The lieutenant came over. ‘Is that him, sir? Tipoo?’

Arthur nodded.

‘I remember this one. I saw him up there on the bastion, taking shots at us while his servants loaded his guns. He killed Lieutenant Lalor, shot him through the head. A fine shot at that range. That was before they went down to the passage to make their last stand. He was fighting it out with a sword when I saw him fall. How did he die?’

Arthur glanced over the body. ‘It’s hard to know for certain. Perhaps he fell and was knocked senseless.
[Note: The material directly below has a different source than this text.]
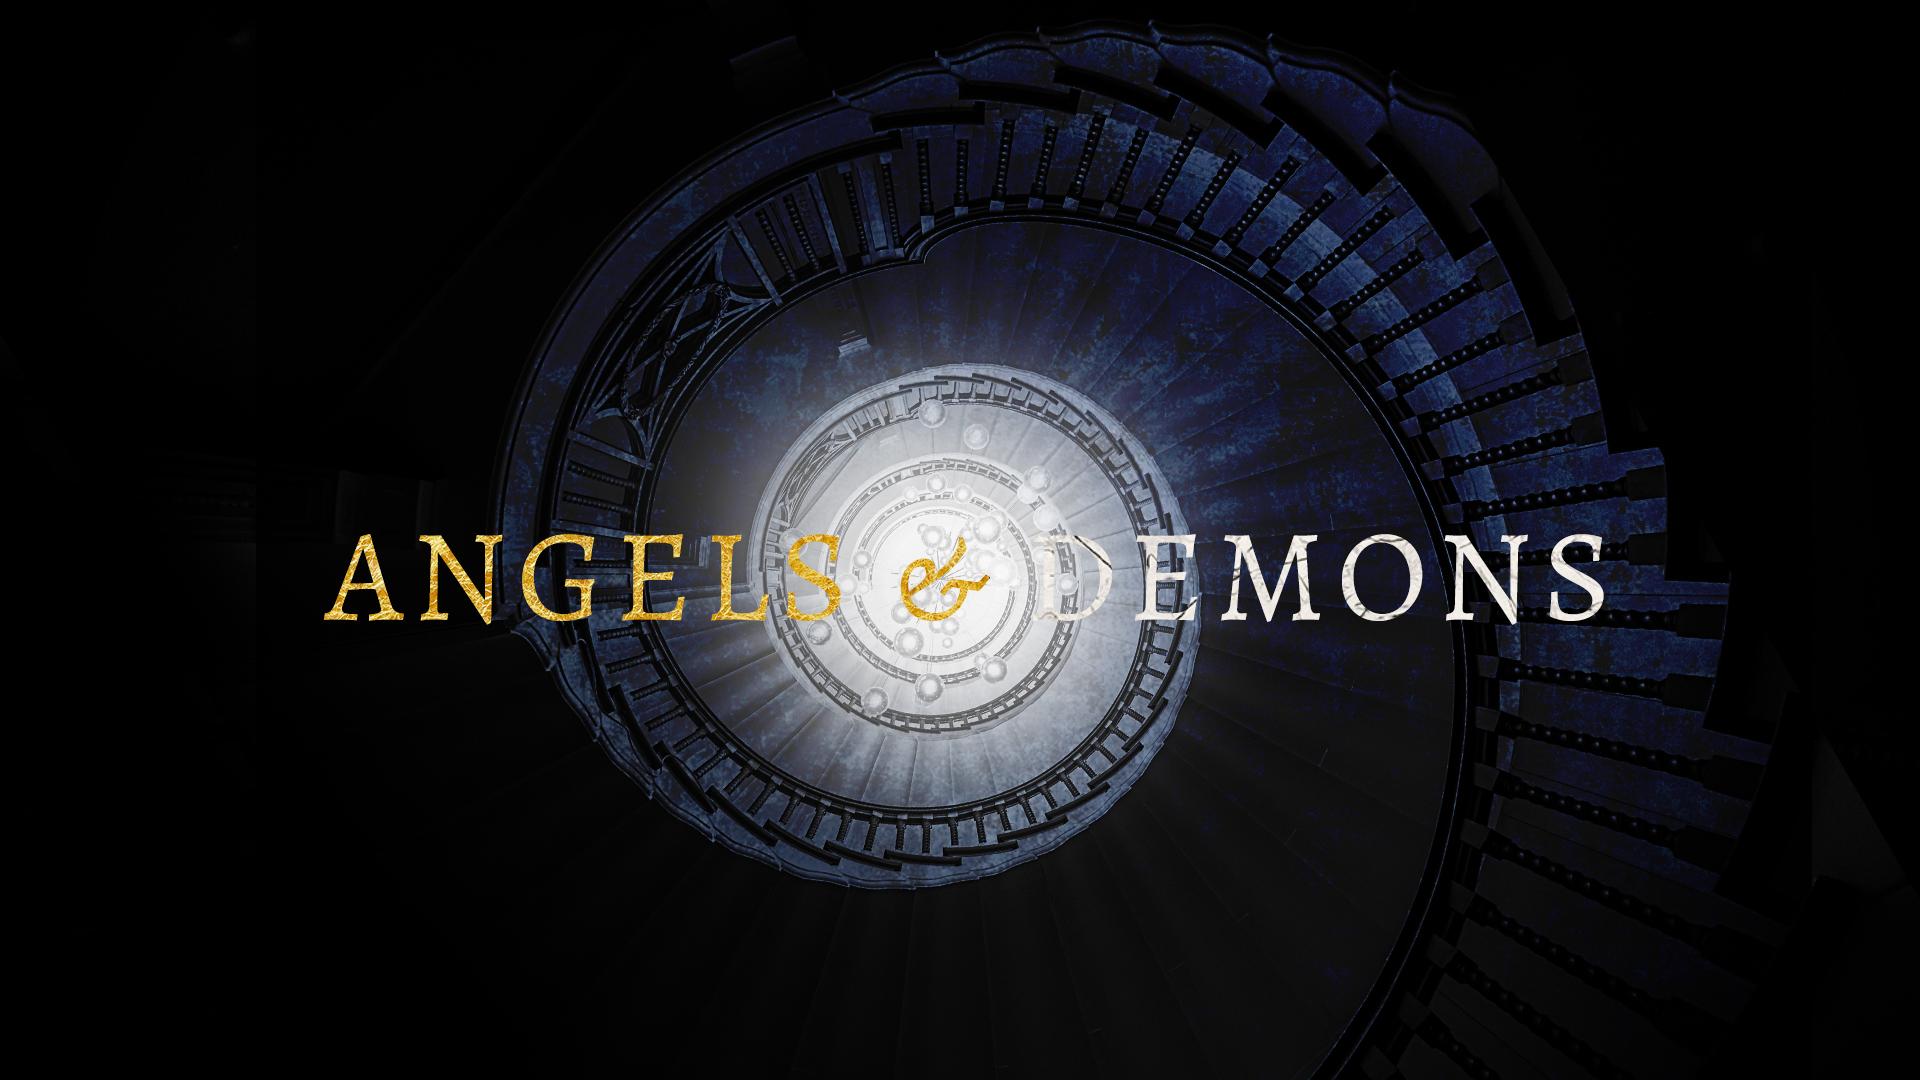 MaandThema - Heb je een vraag over het thema 'Engelen & Demonen' die je graag wilt stellen tijdens de laatste dienst van deze maand?

He was found near the bottom of the pile. It’s likely that he suffocated.’

‘Jesus . . .’The lieutenant shook his head.‘That’s no way to die.’

Fitzroy muttered, ‘There are worse ways, believe me.’

‘Take the body to the palace,’ Arthur ordered. ‘His sons can confirm the identity. Once his men know that he’s dead, there will be no reason to continue the fight.’

They returned to the palace, the body of the Tipoo being carried by a small detail of the men from the water gate. Tipoo’s sons, his wives and the surviving courtiers gathered round the body and began to grieve, their anguished cries echoing back off the walls of his audience chamber. Baird came, in response to the news, and stood to one side looking over the scene.There was no pity in his eyes, just a cold look of satisfaction.

‘I’ll shed no tears for that brute,’ he muttered to Arthur. ‘Nor his family, nor the people of this wretched city.’

‘What are your orders, sir?’

‘Orders?’ Baird frowned for a moment, and Arthur realised that the Scot was as exhausted as himself, and tiredness was dulling their minds. ‘Your men are to guard the palace. Take Tipoo’s sons back to General Harris, then return to the reserve column.’

‘Yes, sir. What about the city?’

‘What about it?’

‘Should we not take steps to establish order here, sir? In case our men get out of control.’

‘No. The men have earned their prize. The city is theirs.’

‘Sir . . .’ Arthur paused a moment. He could imagine the horrors that awaited the people of Seringapatam once the British soldiers, drunk on victory and arrack, began to vent their rage and lust on the inhabitants. ‘Sir, it would be an unconscionable wrong to let our men sack the city.’

Baird shrugged his broad shoulders. ‘Rules of war, Wellesley. Nothing I can do about it. Nothing I will do about it. Not after the way I was treated by these bastards. Now, if you please, you have your orders.’

‘Yes, sir.’ Arthur saluted and turned away.

He left the city with a company of his men to escort Tipoo’s sons to the headquarters of General Harris. Already the sacking of Seringapatam had begun. Occasional gunshots echoed across the city, together with the drunken shouts and singing of the soldiers, and screams and pleas for mercy from its people. A fire flared up in one quarter, casting an orange loom over a corner of the city, and Arthur regarded the scene with disgust and a leaden sense of despair in his heart. Then he turned away and followed his men down through the breach and across the dark waters of the south Cauvery. If there really were crocodiles in the river, they would be feasting on the dead who had been killed while trying to flee from the island.

General Harris received Tipoo’s sons graciously and promised that they would be well treated the moment they had given their paroles. As they were led away Harris joined Arthur as he stood gazing through the tent flaps towards Seringapatam. Listening to the distant pop of gunfire and faint shouts and screams both men were well aware of the horrors unfolding in the city.

‘Baird’s not holding his men back, then?’

‘No, sir.’

‘A pity.This is going to make the job that much more difficult for the man who is to take charge of the city. There will plenty of work to be done winning the natives over to our side. It will require a man with uncommon powers of persuasion and organisation. Major General Baird is not that man,’ Harris concluded sadly, before he turned to Arthur. ‘That is why it must be you, Colonel Wellesley.’

‘Sir?’

‘I’ve made my decision. I want you to be the first Governor of Mysore.’

‘Me, sir?’ Arthur was too tired to hide his shock and surprise.

‘You. Now get back to your tent and get some sleep.You take charge of the city first thing in the morning.’